Claude Code. Your AI coding agent. You'll direct it to write SQL, Python, dbt models, pipeline configs, and infrastructure code. It's strong at generating transformation logic, and it makes specific, predictable mistakes with schema design and data quality that you'll learn to catch.
Git and GitHub. Version control. Every project lives in a repository.
Python. Used for ingestion scripts, custom transformations, and orchestration. The standard language for data engineering beyond SQL.
SQL. The language of data transformation and querying. You'll write more SQL than Python in this track.
DuckDB. A fast, local analytical database. You'll use it for development and testing before deploying to a cloud warehouse.
dbt Core. The transformation framework. You write SQL models, dbt handles dependencies, testing, documentation, and materialization. The dominant tool for the transform layer in 2026.

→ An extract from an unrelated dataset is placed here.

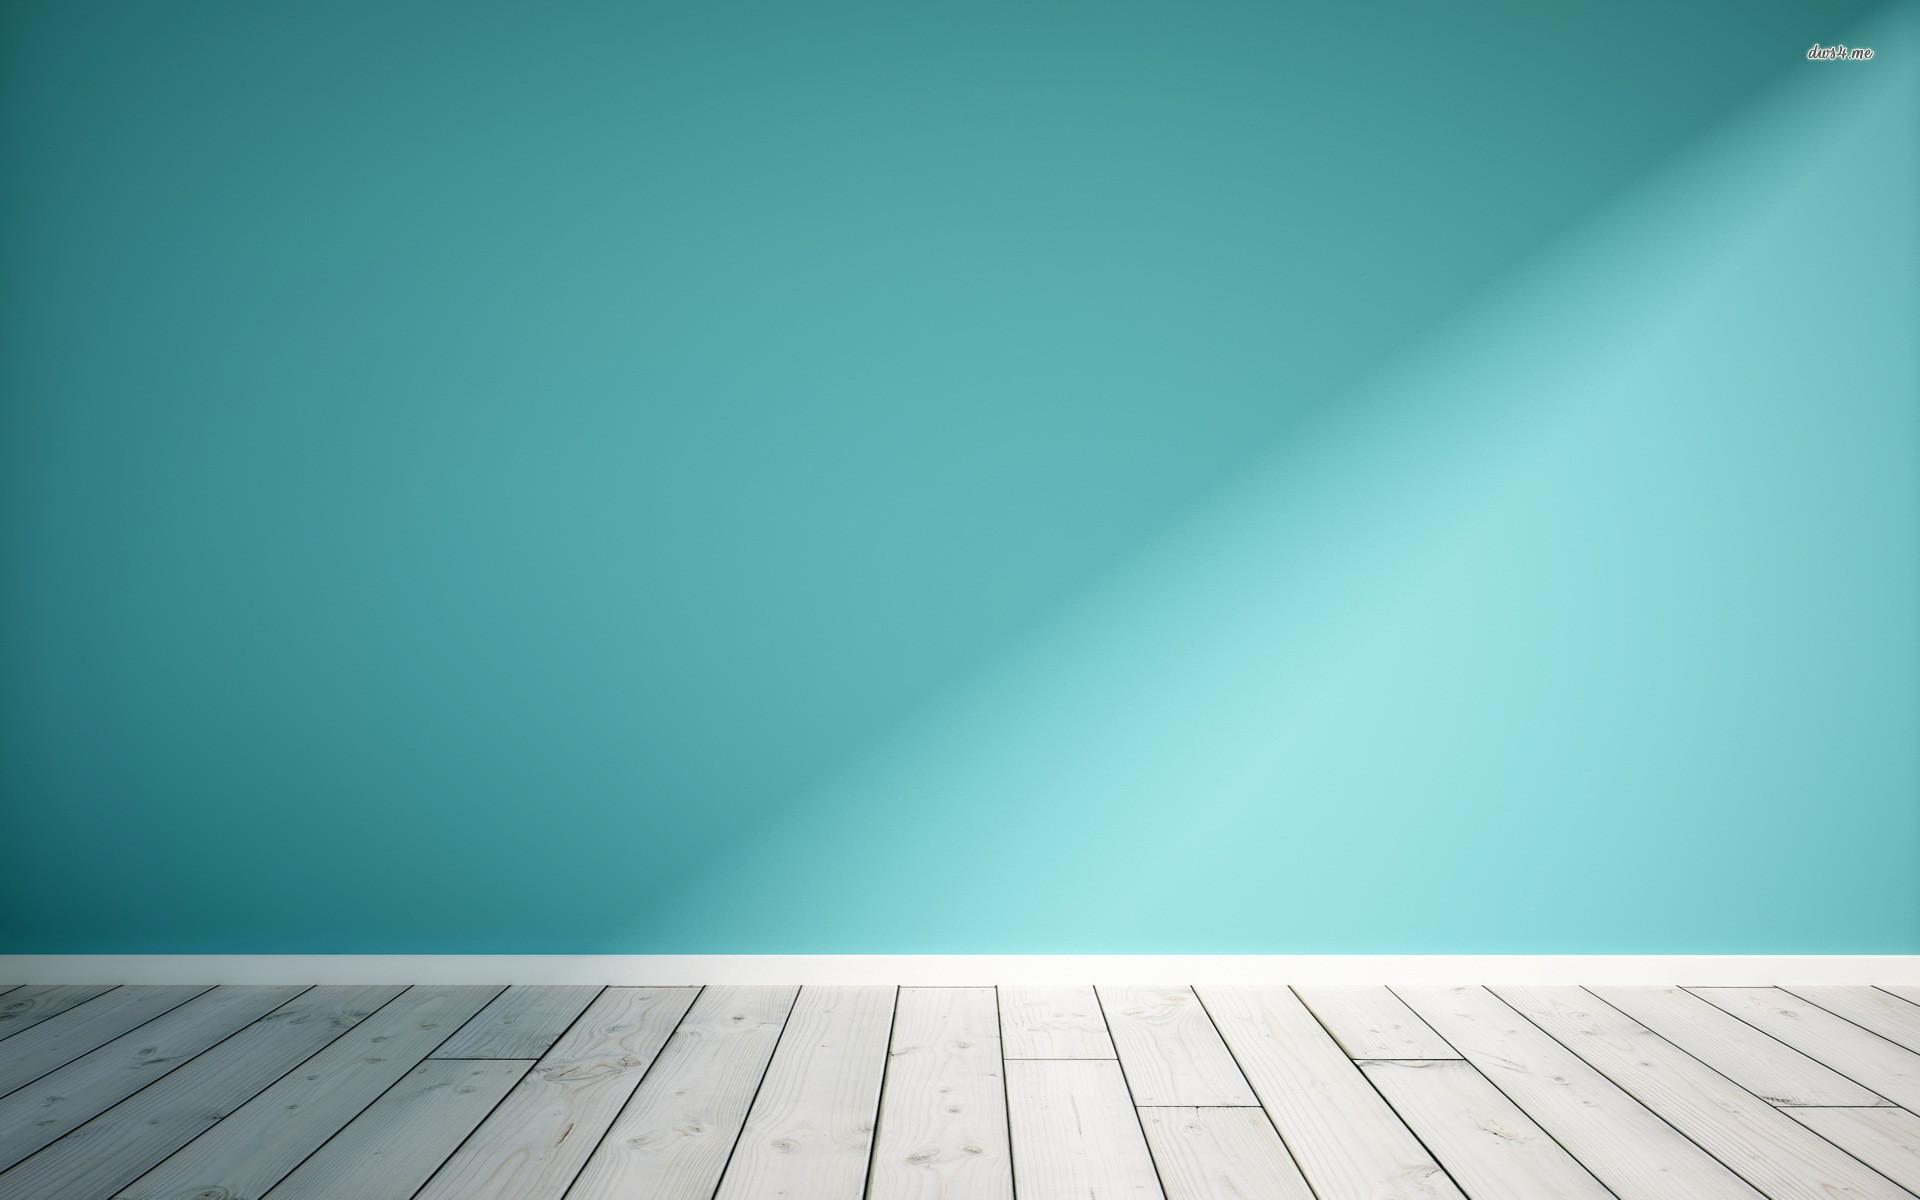 Res: 1920x1200, Wooden, Floor, And, Blue, Wall, Digital, Art, Wallpaper, Road, Widescreen,  Desktop Images, 1920×1200 Wallpaper HD
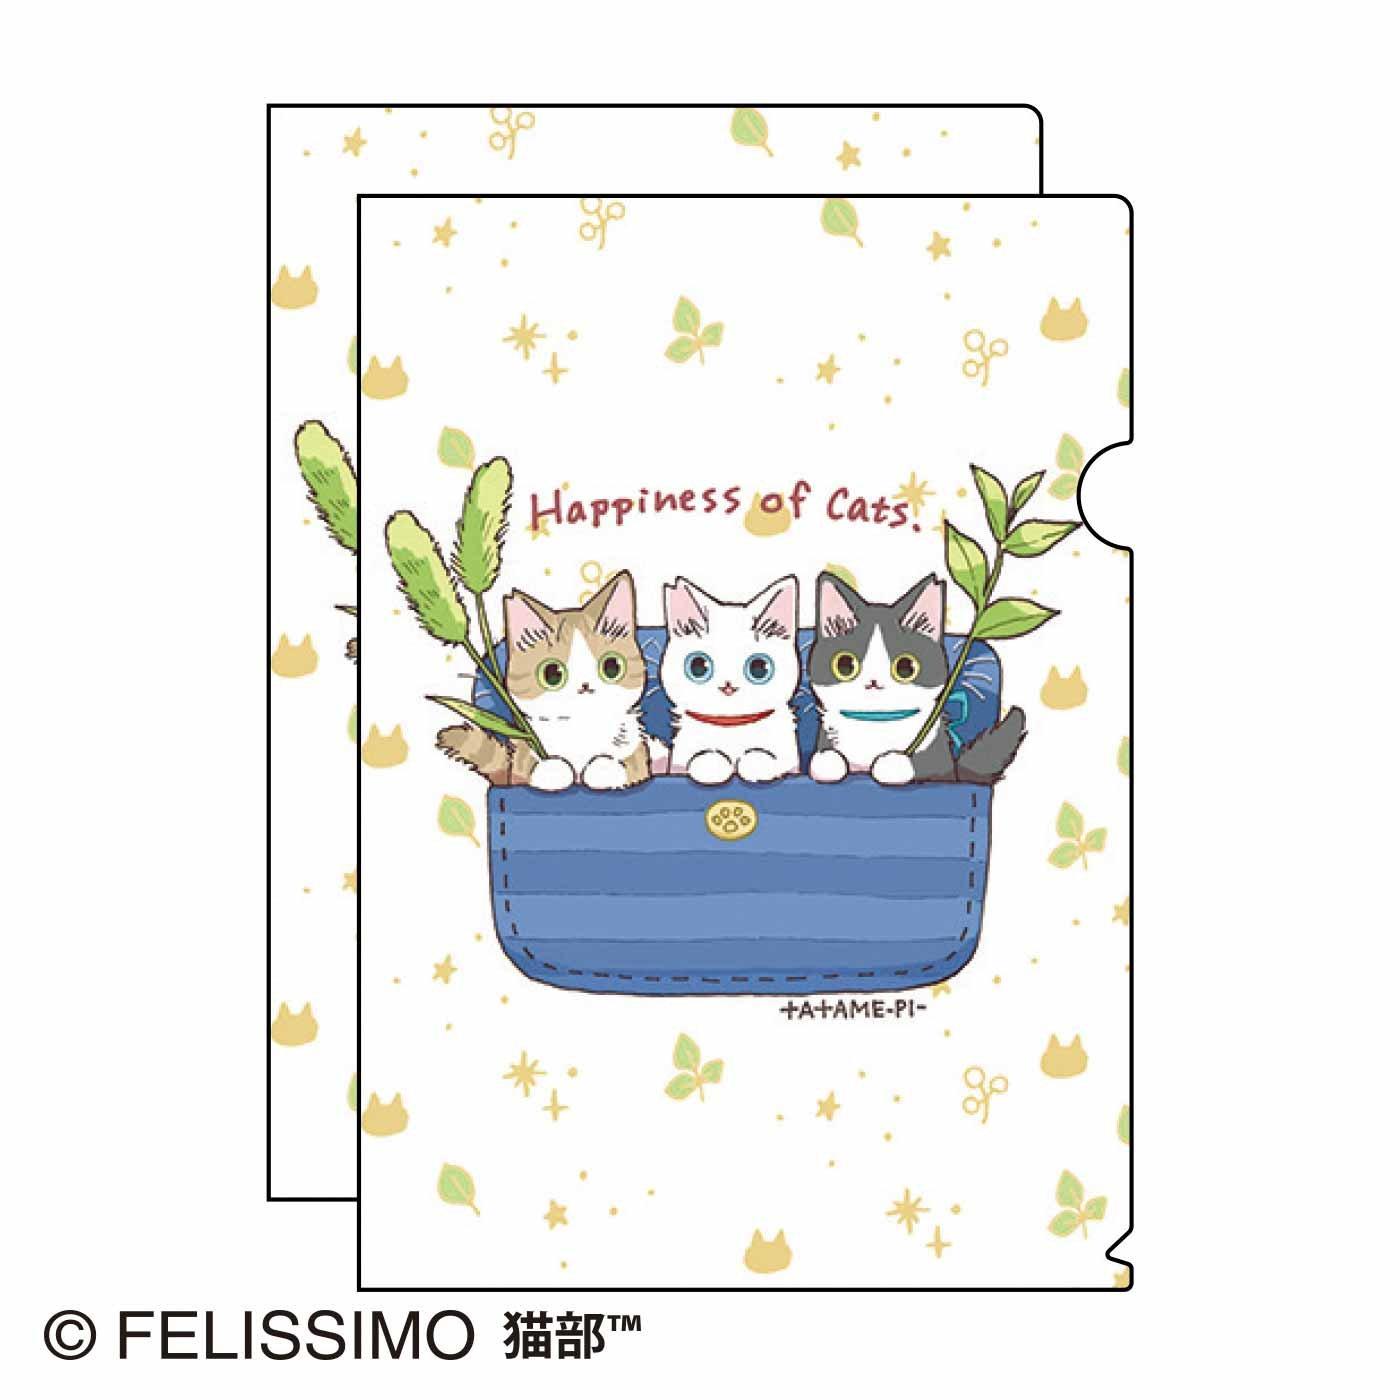 たたメーピー×猫部 地域猫チャリティークリアファイル2021

Dagster. Pipeline orchestration. Defines what runs when, in what order, with what dependencies. The track uses Dagster's asset-oriented approach: you define what data assets exist and how they're materialized.
PostgreSQL. A relational database. Used as a source system and as infrastructure for other tools.
Docker. Packages your pipelines into containers. Essential for reproducible, deployable data infrastructure.
You'll install additional tools as the track progresses: BigQuery for cloud warehousing, Kafka for streaming, Soda Core for data quality, and others. Each project tells you what's needed.